As for the last objection - the typical voter's preference will be reflecting the political battles described above.
> People change their preference based on other people all the time. As long as it is clearly their preference, we have to assume that it's in their interest.
The problem is, it's not people changing their mind because they've heard someone reasonable saying something that makes sense. Politicians lie. Lie blatantly and lie on purpose. They hire the entire advertising machine, built out of professional liers and bullshiters, to convince people that their side of the debate is right by whatever means necessary. The average voter has to oppose people who are trained specialists in lying. I don't see how you could argue it's actually their preference.

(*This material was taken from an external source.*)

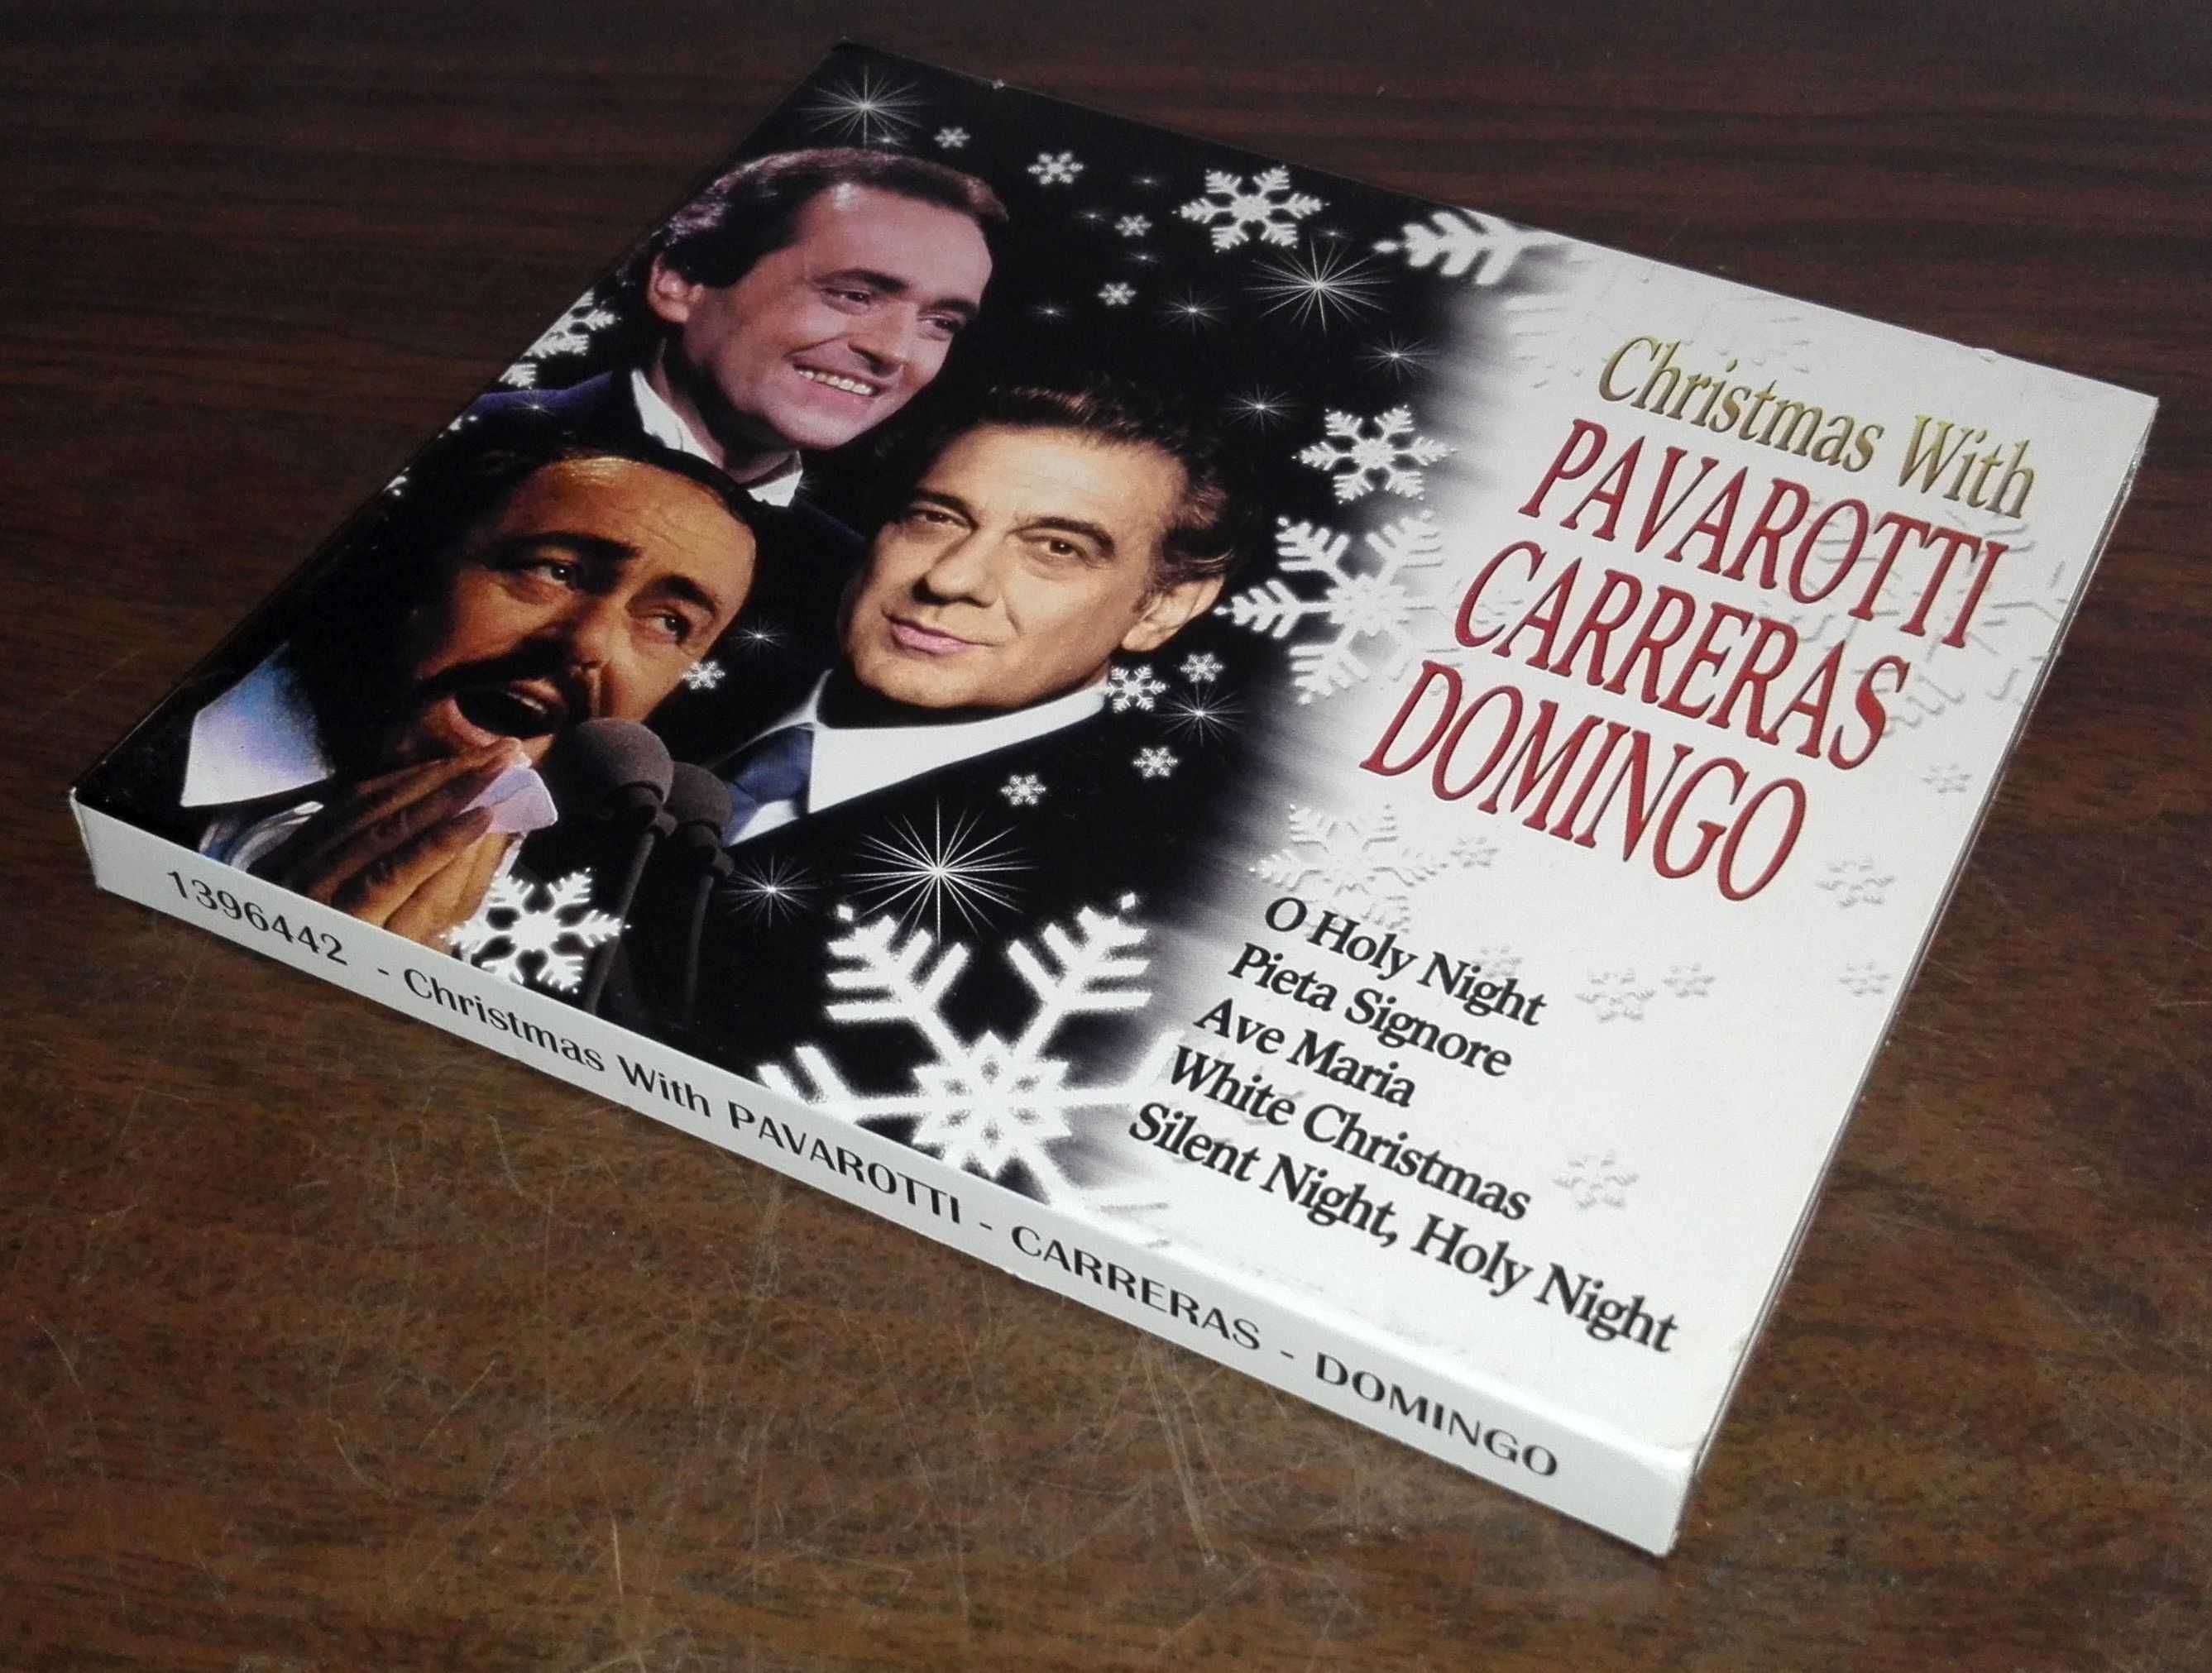 CD Christmas with Pavarotti, Carreras, Domingo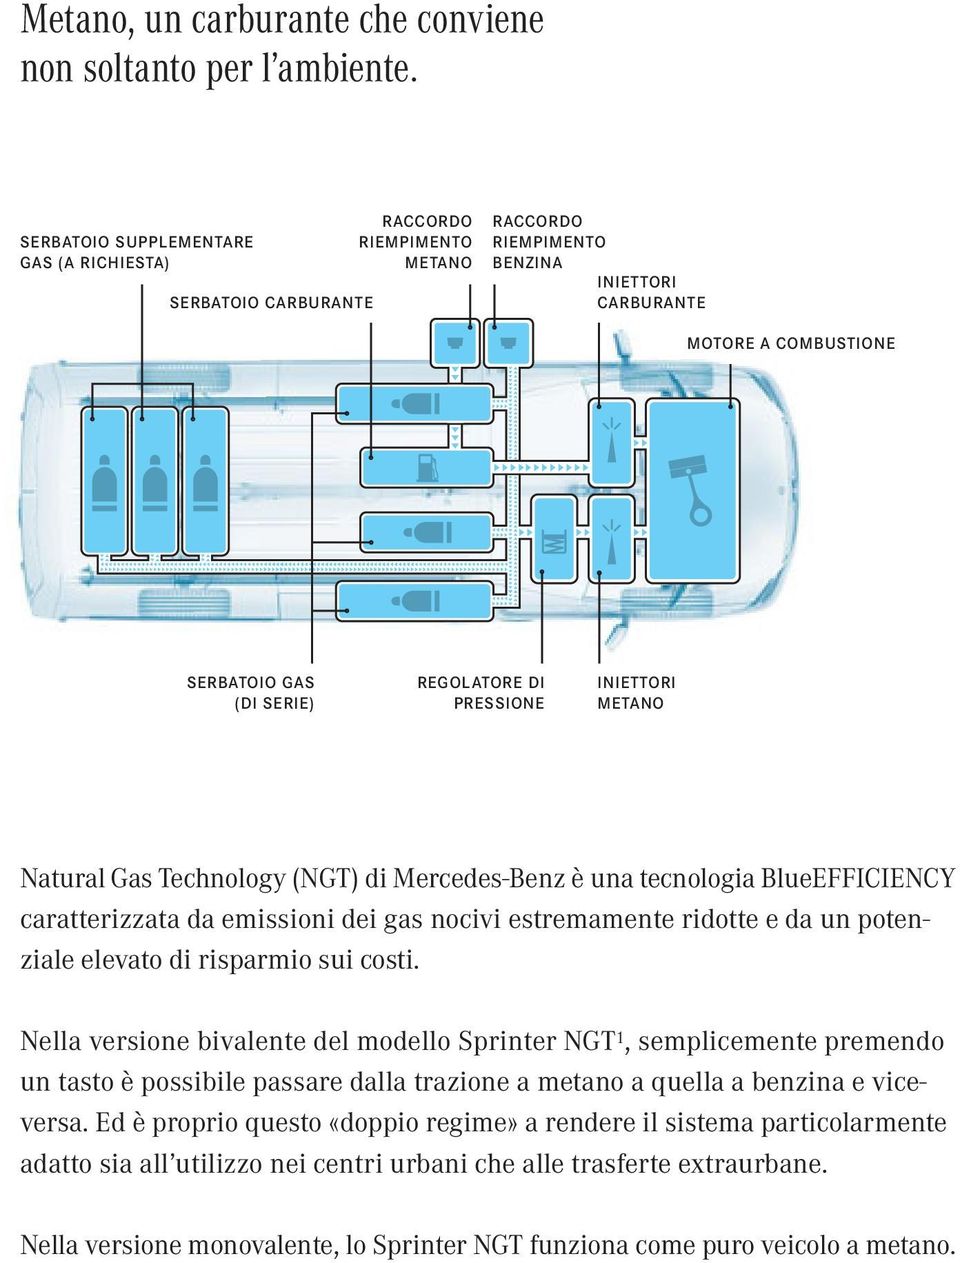 DI PRESSIONE INIETTORI METANO Natural Gas Technology (NGT) di Mercedes-Benz è una tecnologia BlueEFFICIENCY caratterizzata da emissioni dei gas nocivi estremamente ridotte e da un potenziale elevato

But back to the primary reason. I could accept that start of affairs as fair, as long as we're dealing with things that don't matter much. But at this moment in time, we have several important problems - like supergerms, climate change and depletion of fossil fuels - that are going to destroy humanity in few decades, or at least pull us back into the medieval age. This shit matters. We need to make some hard choices and do some decisive actions soon if we want to have any kind of civilization surviving to the end of this century. And the democratic process is by design incapable of making those hard choices.
TL;DR: I don't want to "give power to the smarter" or a king or anything. I just want someone to actually do something about global warming and power issues before this stupid textbook-level coordination problem kills us all.